### Goal of the exercise
Find the line below with "clickfunnels upgrade" and the line with "SCANIA SCANIA 440". Output exactly those lines and everything between them, leaving out the pictures.

### Extracted records
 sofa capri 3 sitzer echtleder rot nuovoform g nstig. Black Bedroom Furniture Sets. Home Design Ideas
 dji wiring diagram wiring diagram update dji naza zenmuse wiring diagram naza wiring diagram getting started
--
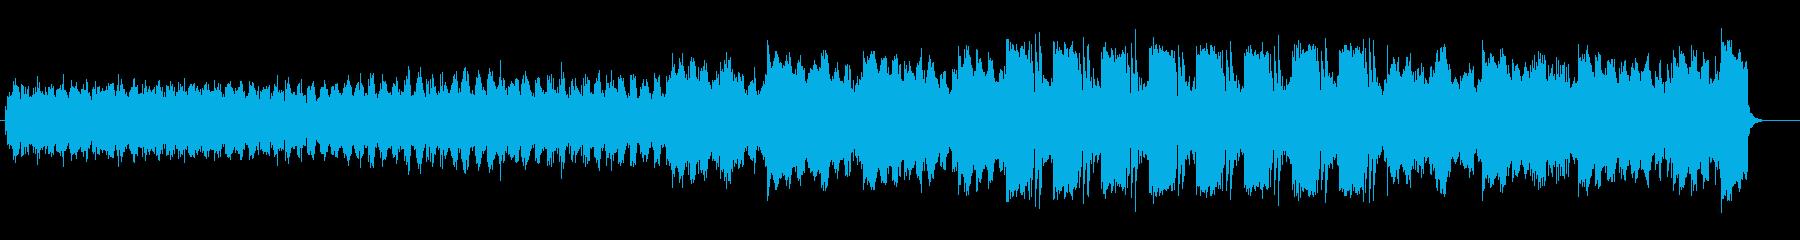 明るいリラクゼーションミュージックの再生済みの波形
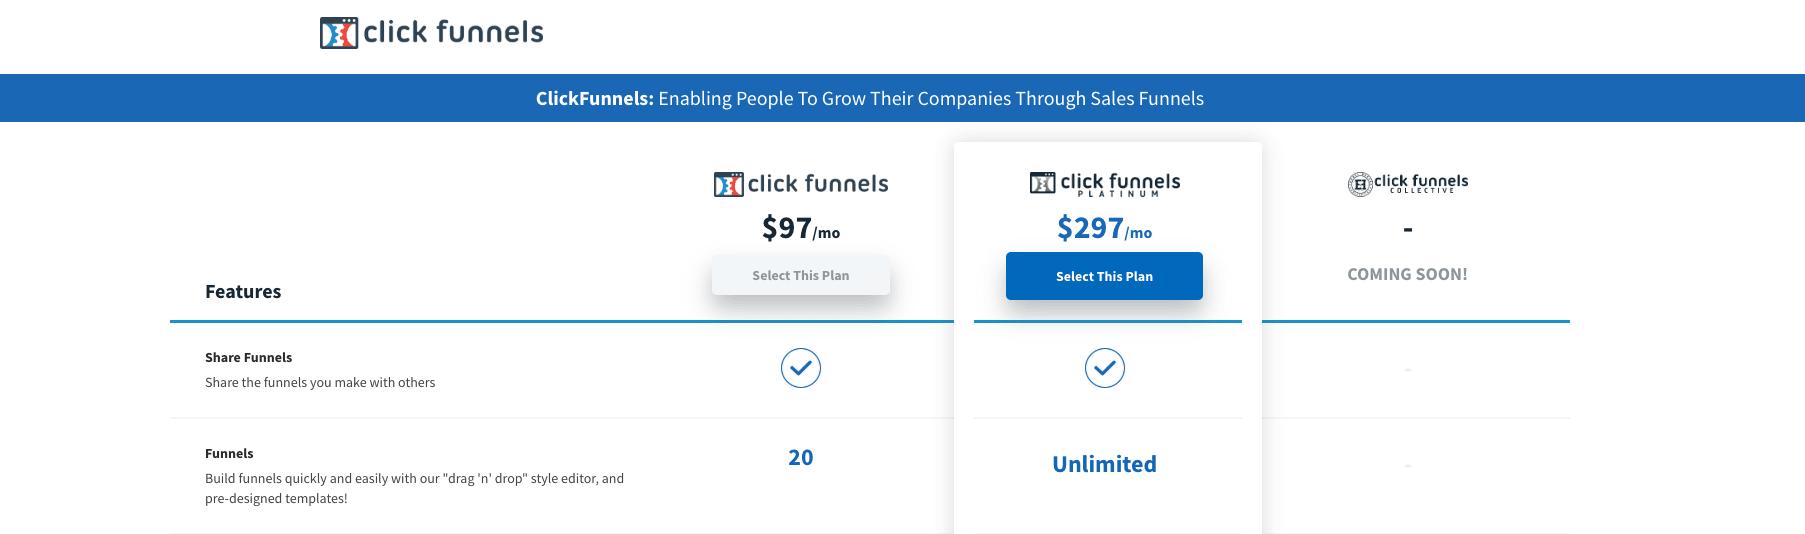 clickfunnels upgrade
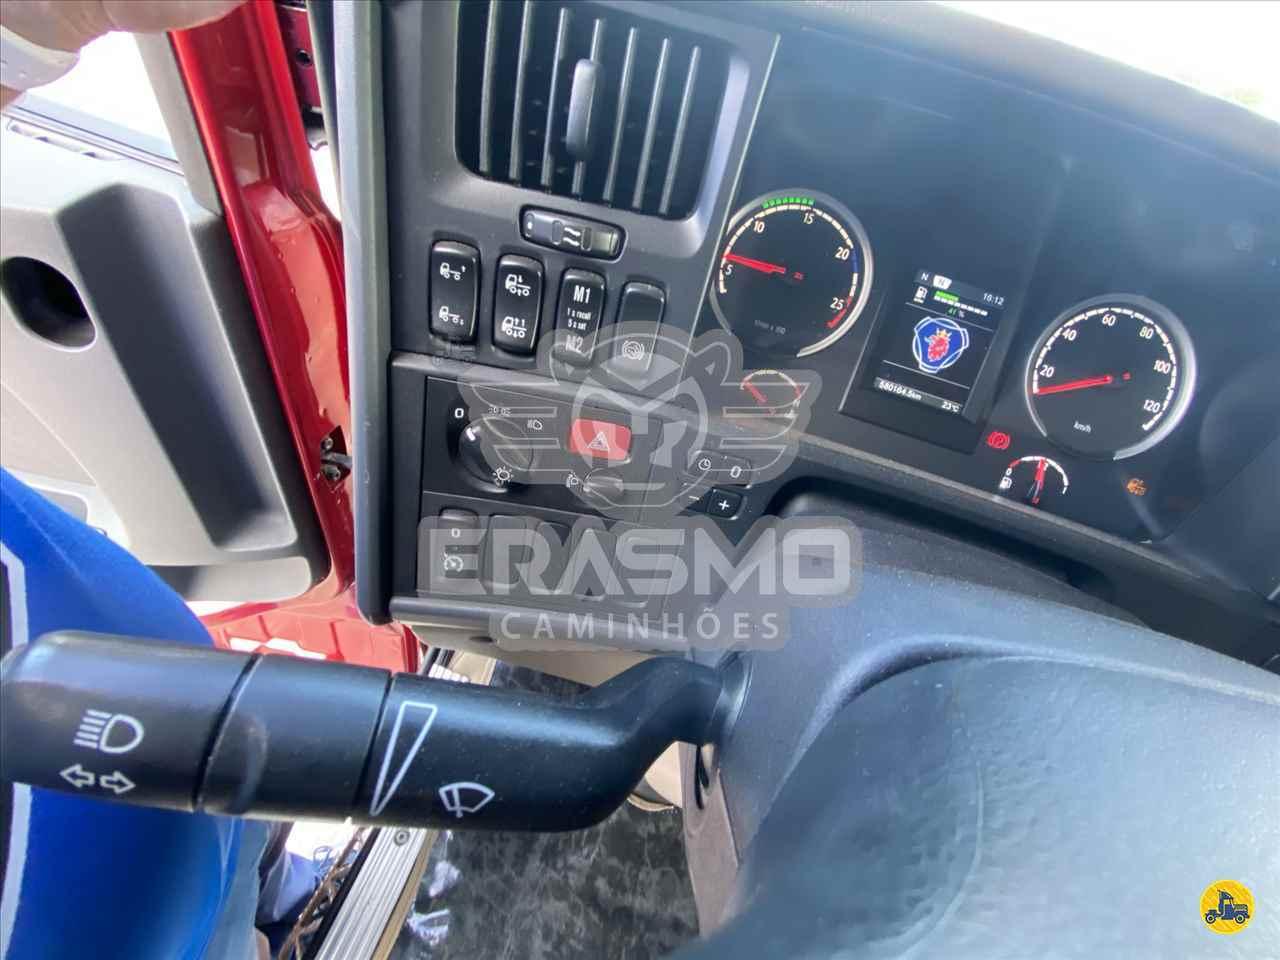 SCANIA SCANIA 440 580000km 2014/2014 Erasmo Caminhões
--
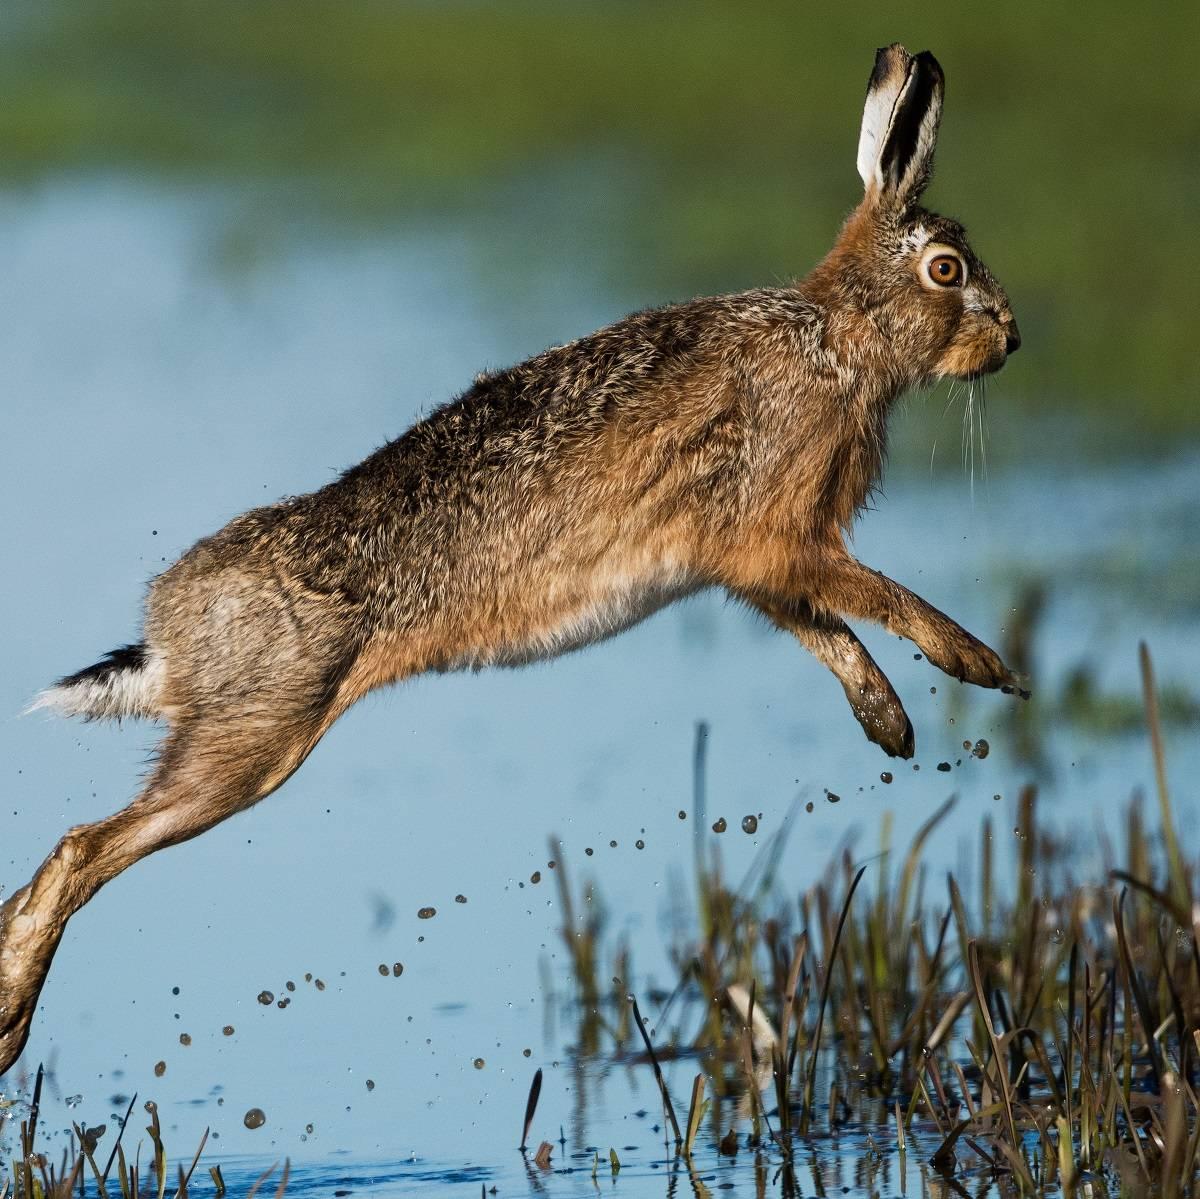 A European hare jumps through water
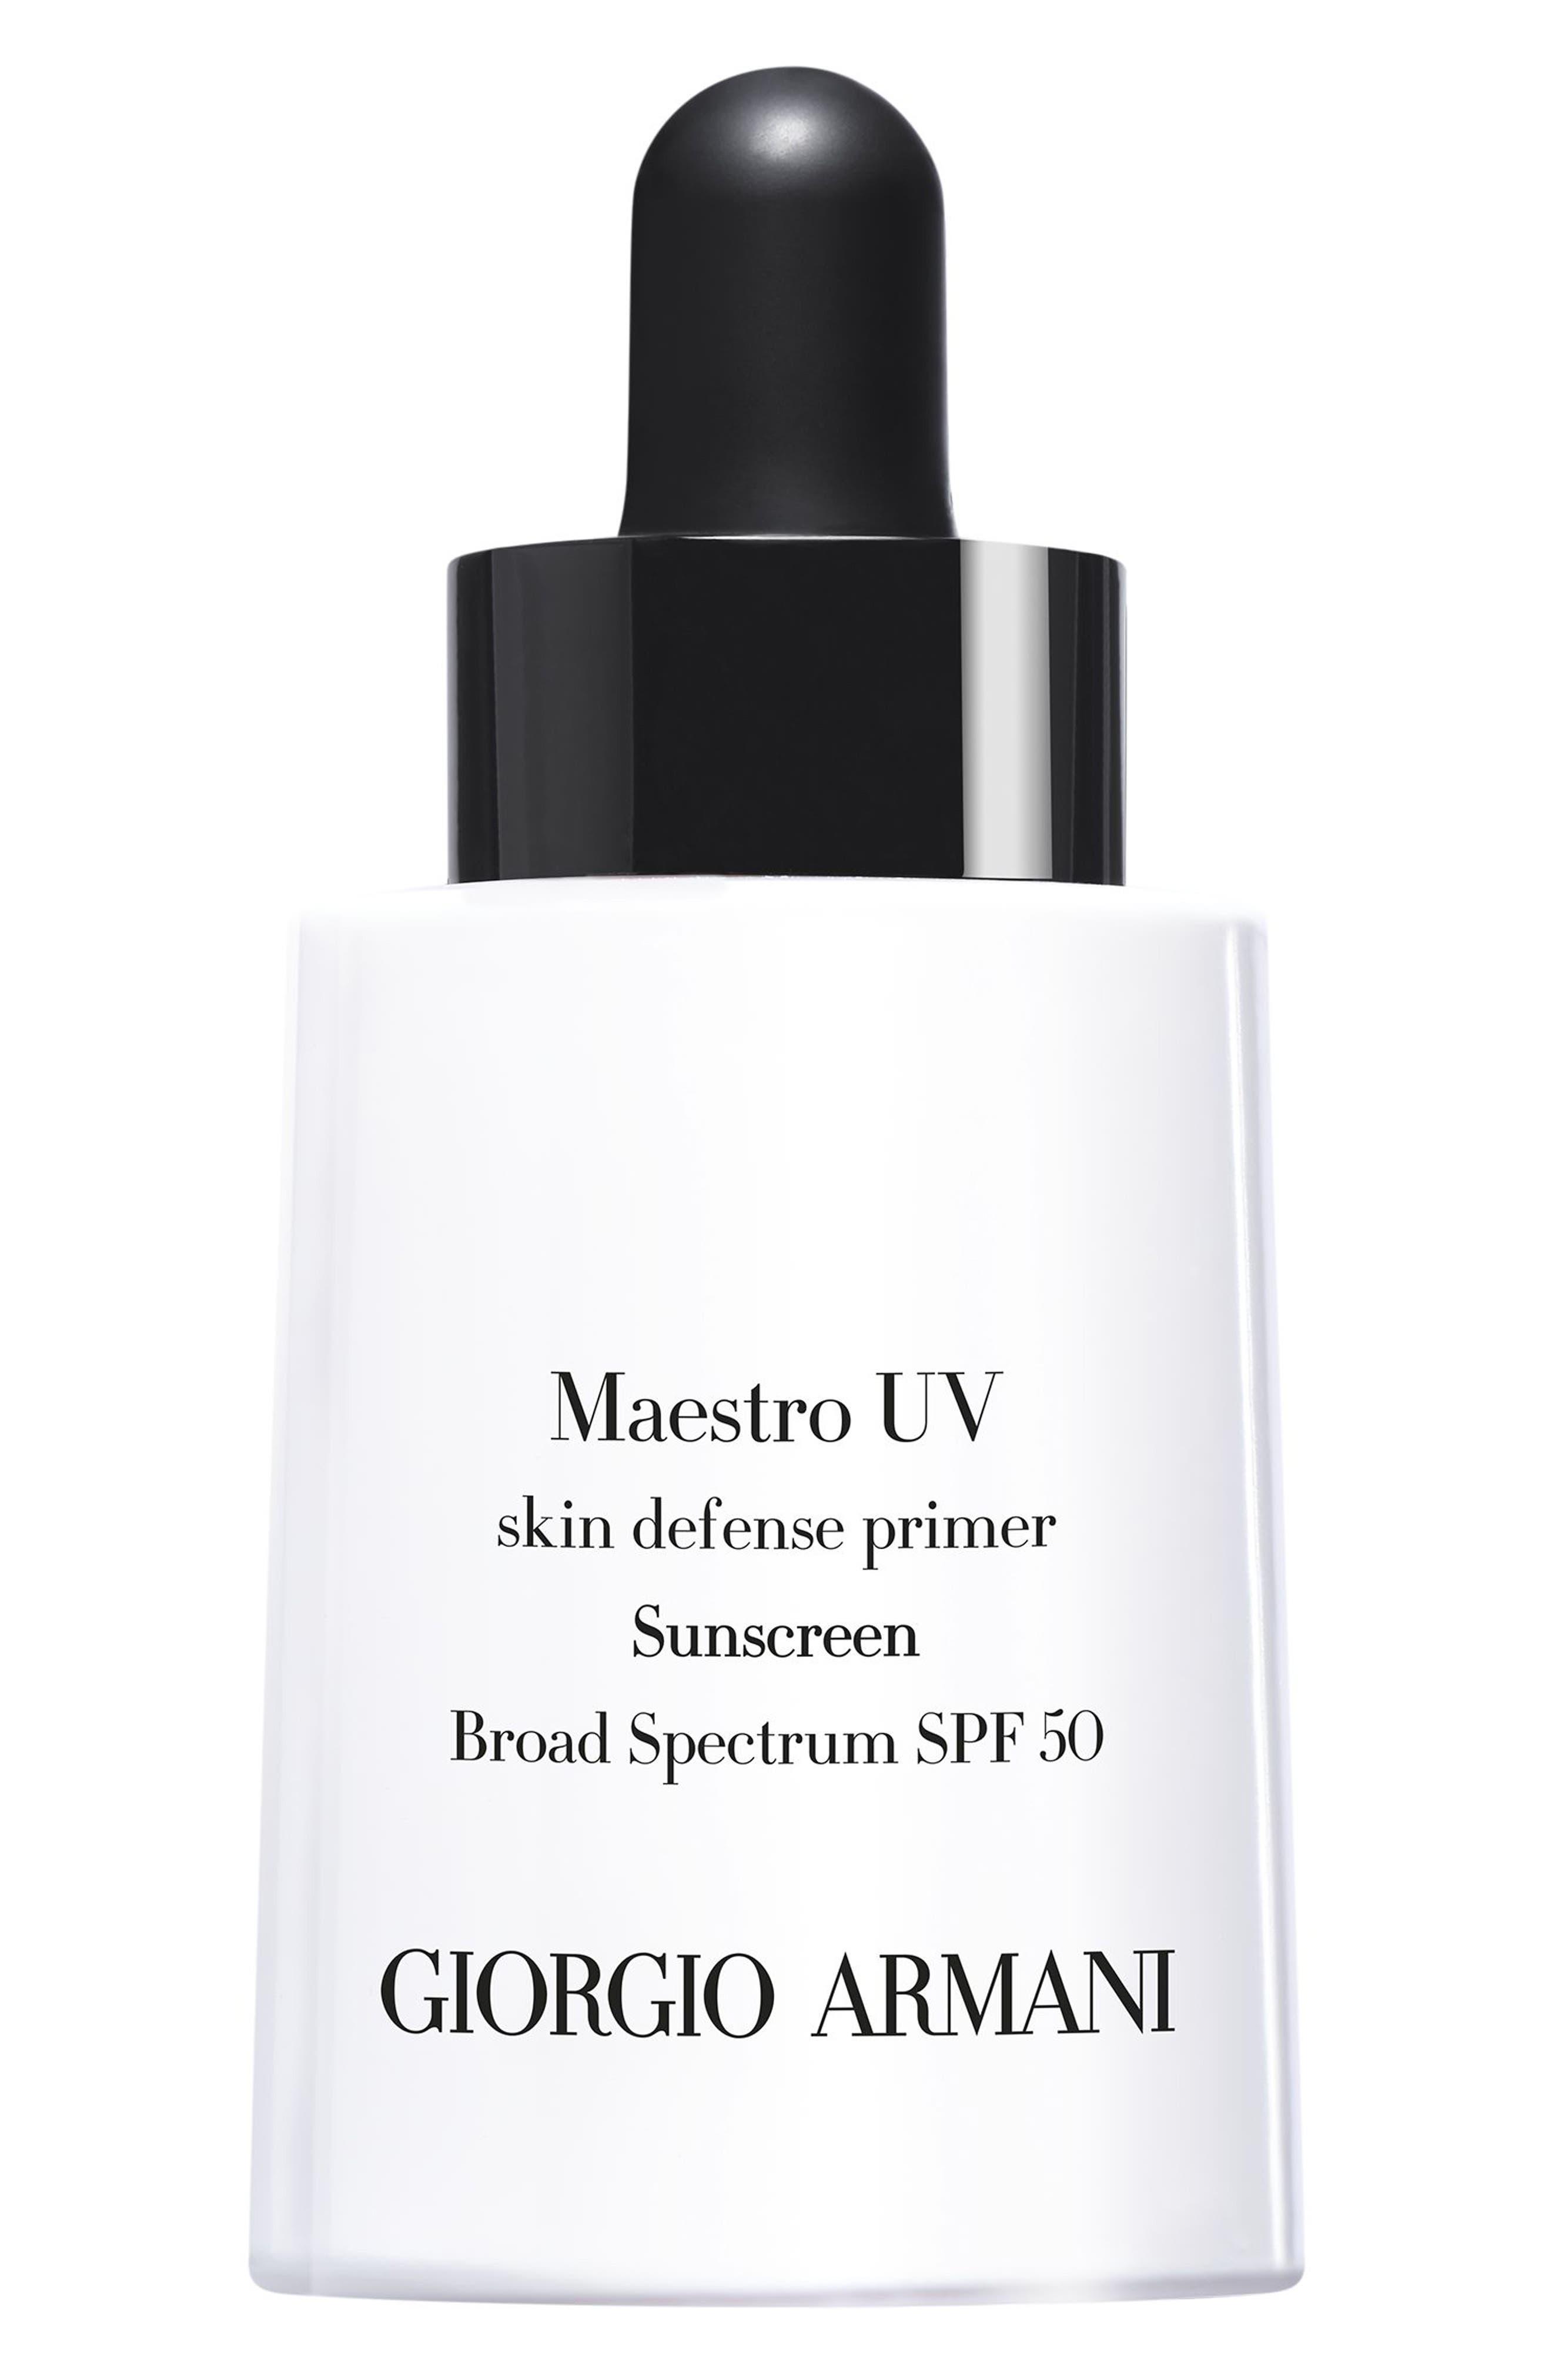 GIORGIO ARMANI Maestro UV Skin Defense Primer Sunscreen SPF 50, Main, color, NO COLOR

### Your solution
 clickfunnels upgrade
 SCANIA SCANIA 440 580000km 2014/2014 Erasmo Caminhões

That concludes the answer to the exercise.